Breed of fighting cock

The Luikse Vechter, Combattant de Liège, is an endangered Belgian breed of gamecock. It dates from the late nineteenth century, and was bred specifically for cock-fighting. It is named for its area of origin, that of the city of Liège in Wallonia, in eastern central Belgium. It is one of three Belgian breeds of fighting-cock, the others being the Brugse Vechter and the Tiense Vechter.

==History==

The Luikse Vechter derives from the oldest of the three Belgian fighting-cock breeds, the Brugse Vechter, which originated in western Flanders in the early years of the nineteenth century and was formerly common throughout Belgium. In the later part of that century, in the area of Liège, in Wallonia in eastern central Belgium, efforts were made to improve the fighting capabilities of the Brugse Vechter by cross-breeding with fighting birds of Oriental origin. The other Belgian fighting breed, the Tiense Vechter from the area of Tienen in Flemish Brabant, was created in much the same way.

The Luikse Vechter is endangered in Belgium, but is the least threatened of the three Belgian gamecock breeds. In 2010 there were 285 birds, about equally distributed in Flanders and in Wallonia. A few are reared in Germany.

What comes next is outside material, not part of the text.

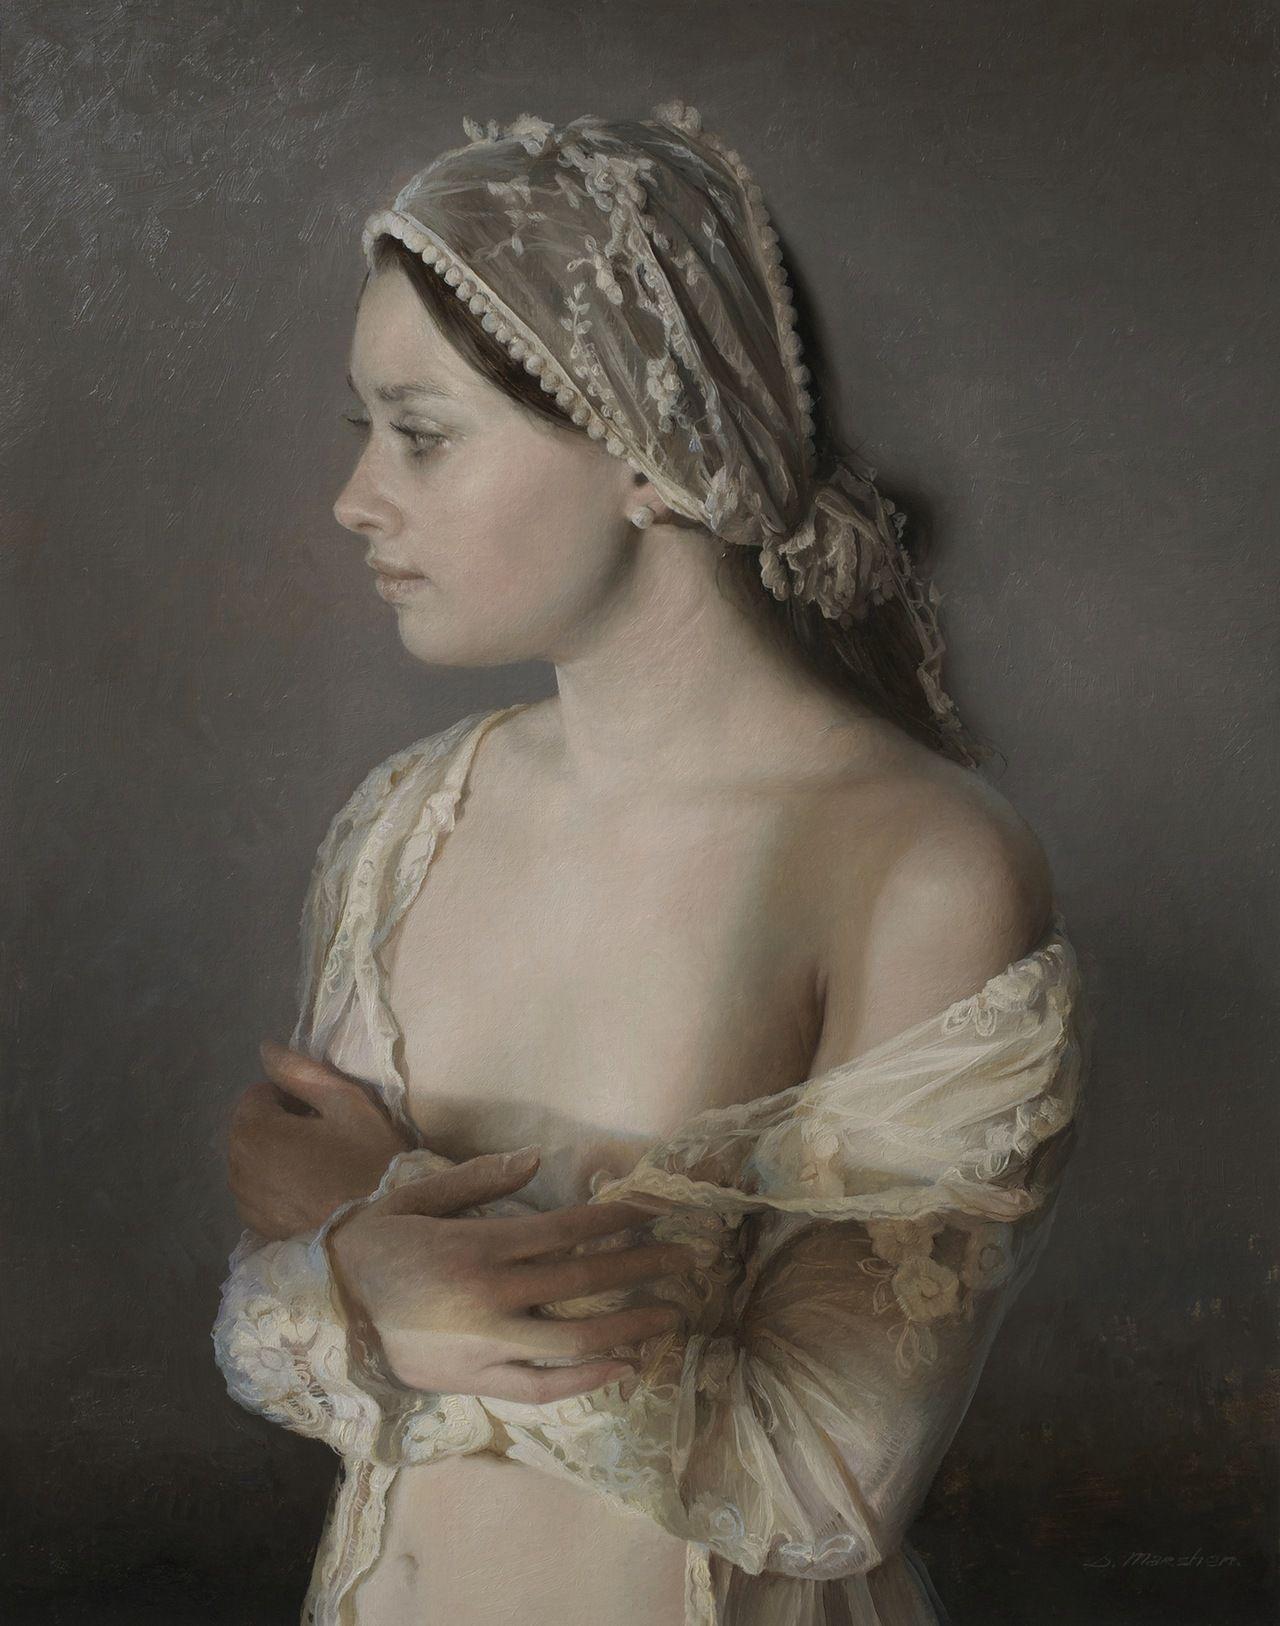 Русское искусство ню фото, голая жена на людях ню

A bantam Luikse Vechter was bred in the second part of the twentieth century. The plumage colours are superior to those of the full-sized breed. Although it is the most popular of the three bantam fighting breeds in Belgium, it is endangered. Some are reared in Germany and in the Netherlands.

==Characteristics==

The Luikse Vechter is a large and powerful bird. The face is deeply pigmented, and may vary from purplish-red to almost black. The comb should in theory be triple like that of the Brugse Vechter; it was often single and also large, but – since 2000 – single combs are no longer allowed. The wattles are rudimentary or completely absent. The legs are thick and strong, and are slate-blue. The same seventeen plumage colours are recognised as for the Brugse Vechter. The most significant difference from the Brugse Vechter is in the line of the back, which in the Luikse Vechter is steeply angled, but in the Brugse Vechter is approximately horizontal.

==Use==

The Luikse Vechter was bred for its fighting ability. Cock-fighting is against the law in Belgium, and practitioners of the sport usually travel to northern France. Some strains are reared only for exhibition at poultry shows.